Bodies and Community

[image] a feast with friends. local food from the farmer’s market. cool and refreshing and easy-to-assemble for the end of a busy week

My last year of seminary I was part of a small group of friends and neighbors that formed an almost instant deep sense of community.  The kind of community that you imagine when you hear that buzz word these days. It is a time that was clearly deemed “for such a time as this.” It helped that we were all students, single, new in that town. Our needs for friendship, our free time, the way we spent hours together with books or laptops in front of us made us all fit well together.

But one of the first things we did together was eat.

On Sunday nights we crowded chairs around a table, pulled out mismatched dishes, and took turns cooking a meal to be shared with everyone.  I don’t recall anyone ever “apologizing” for their food choices – making a comment about how they would get fat if they had the desert, that they would need to run to work off the delectable homemade bread,  or any other number of all-too-common conversations that normally surround tables of fellowship.
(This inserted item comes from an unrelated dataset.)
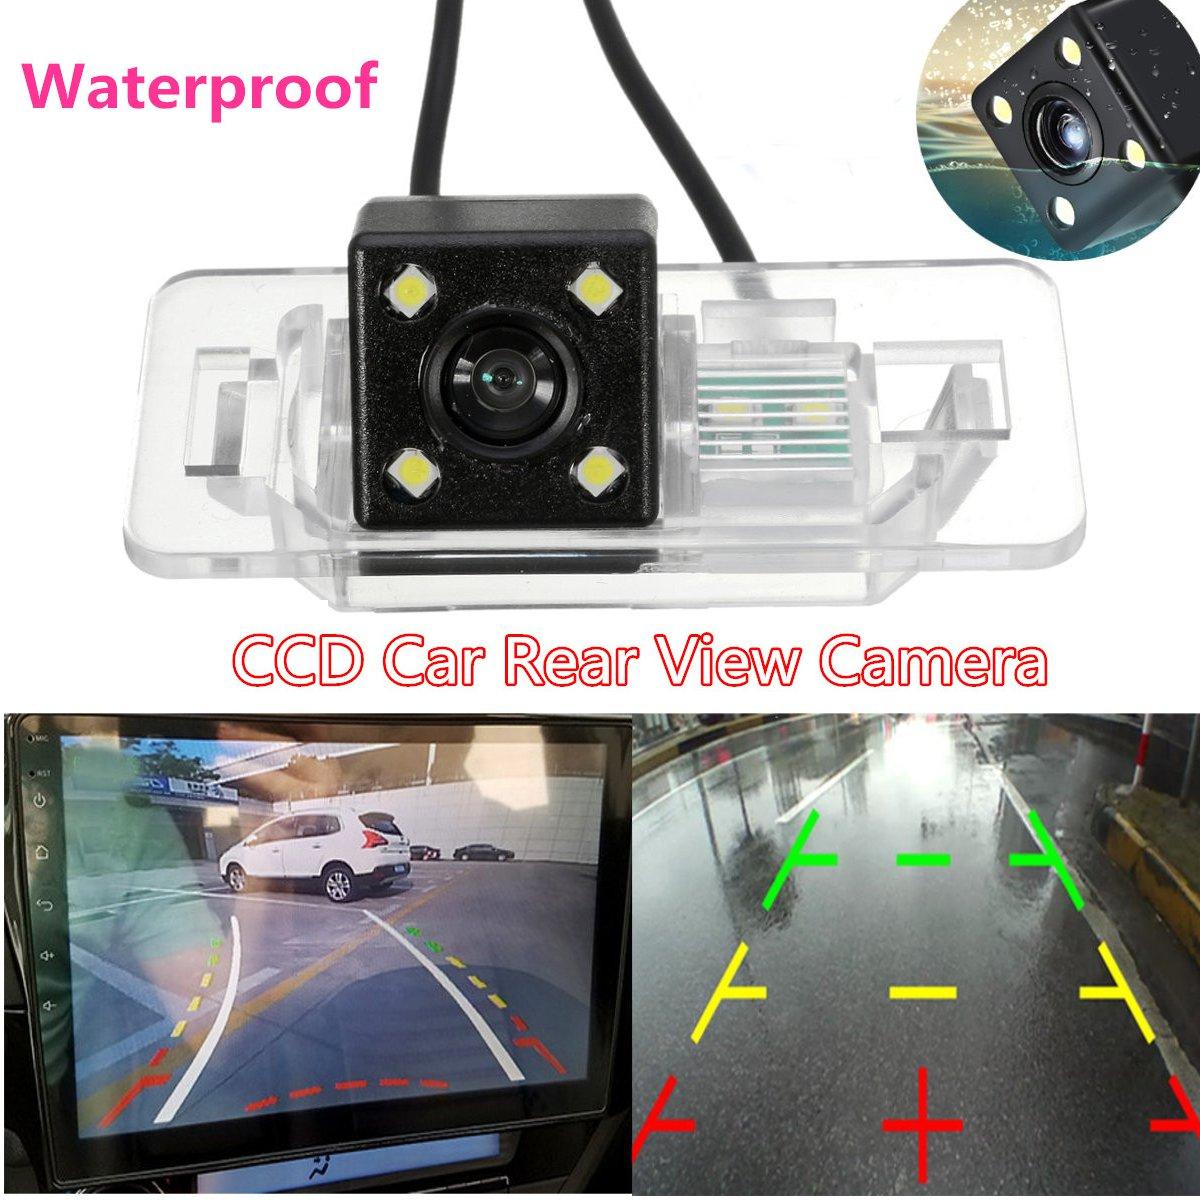 Car CCD Rear View Parking Reverse font b Camera b font For BMW E39 E46 E53
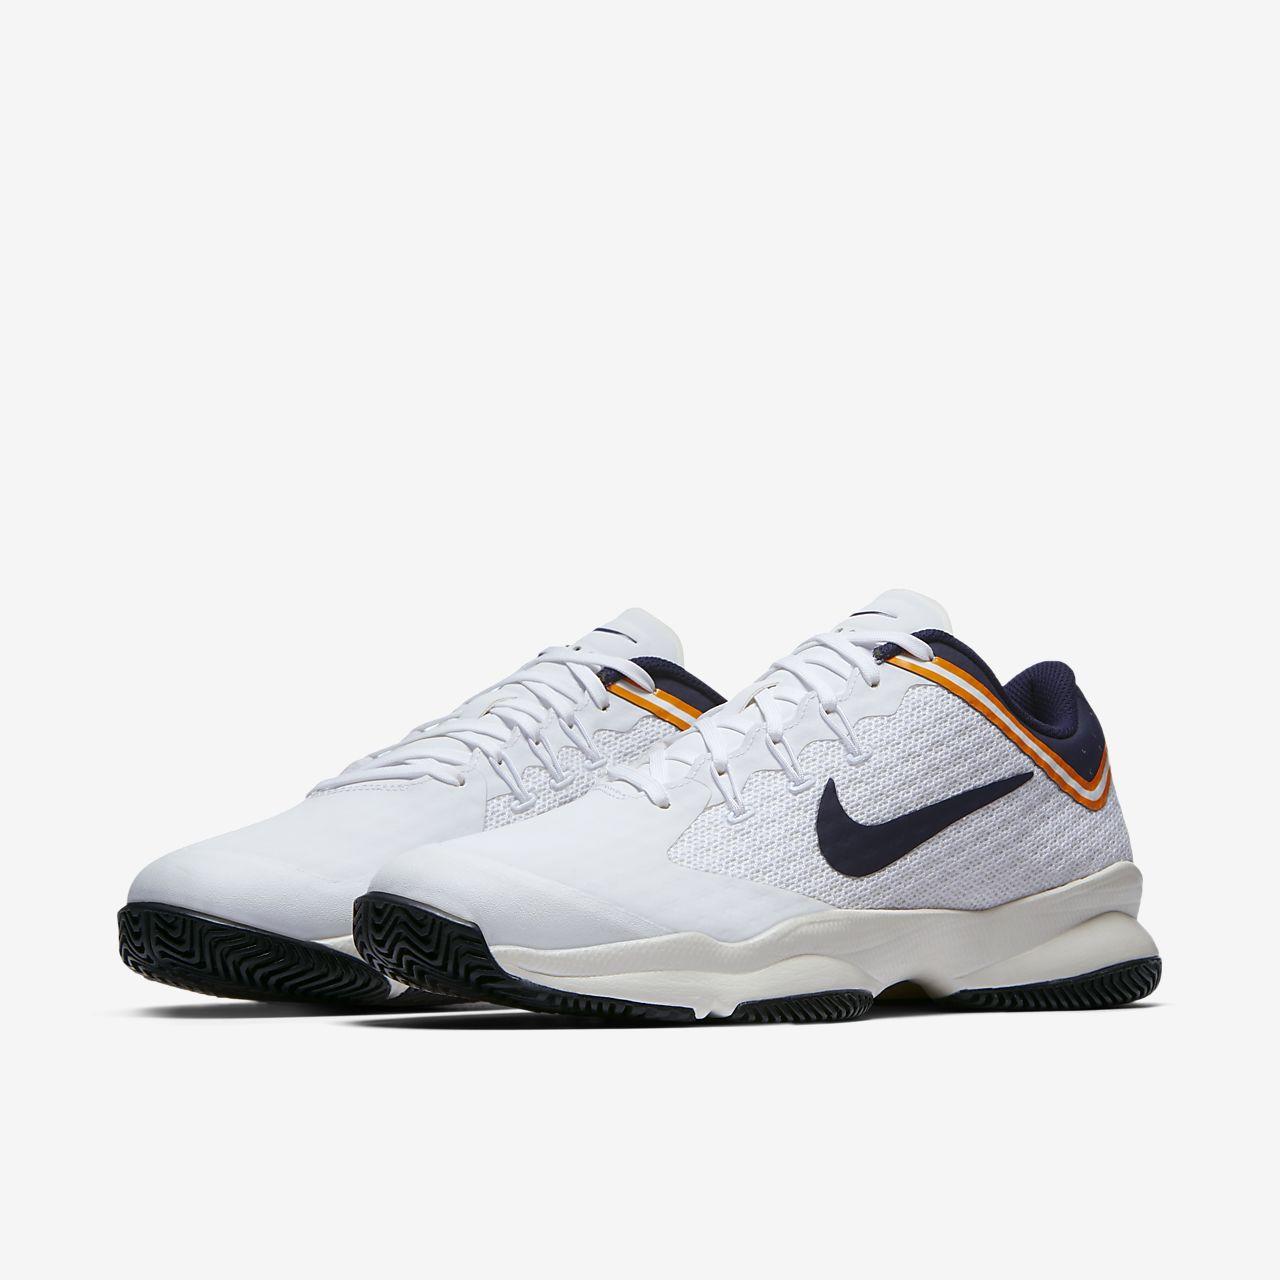 Nike PerformanceCOURT LITE CLAY - Outdoor tennis shoes - white/blackened blue/phantom/orange peel hE18kgzpvW

Our meals together were free from the demons of self-doubt and anxiety that so often accompany our food. When we actually had a french toast feast when the snow trapped us inside for a day, some people added the chocolate chips and powdered sugar, some didn’t, no one said a word. Our meals were typically healthy – full of greens and veggies and whole grains crafted from scratch. It wasn’t a food rule we were following though – most of us loved to cook and to share. Sometimes the week was busy and stressful and we all sat down to a greasy pizza and gave thanks and laughed and shared our night of  togetherness just like every other week.

No apologies. No mea culpas for the calories or the cholesterol. Just food and together and life lived right now. 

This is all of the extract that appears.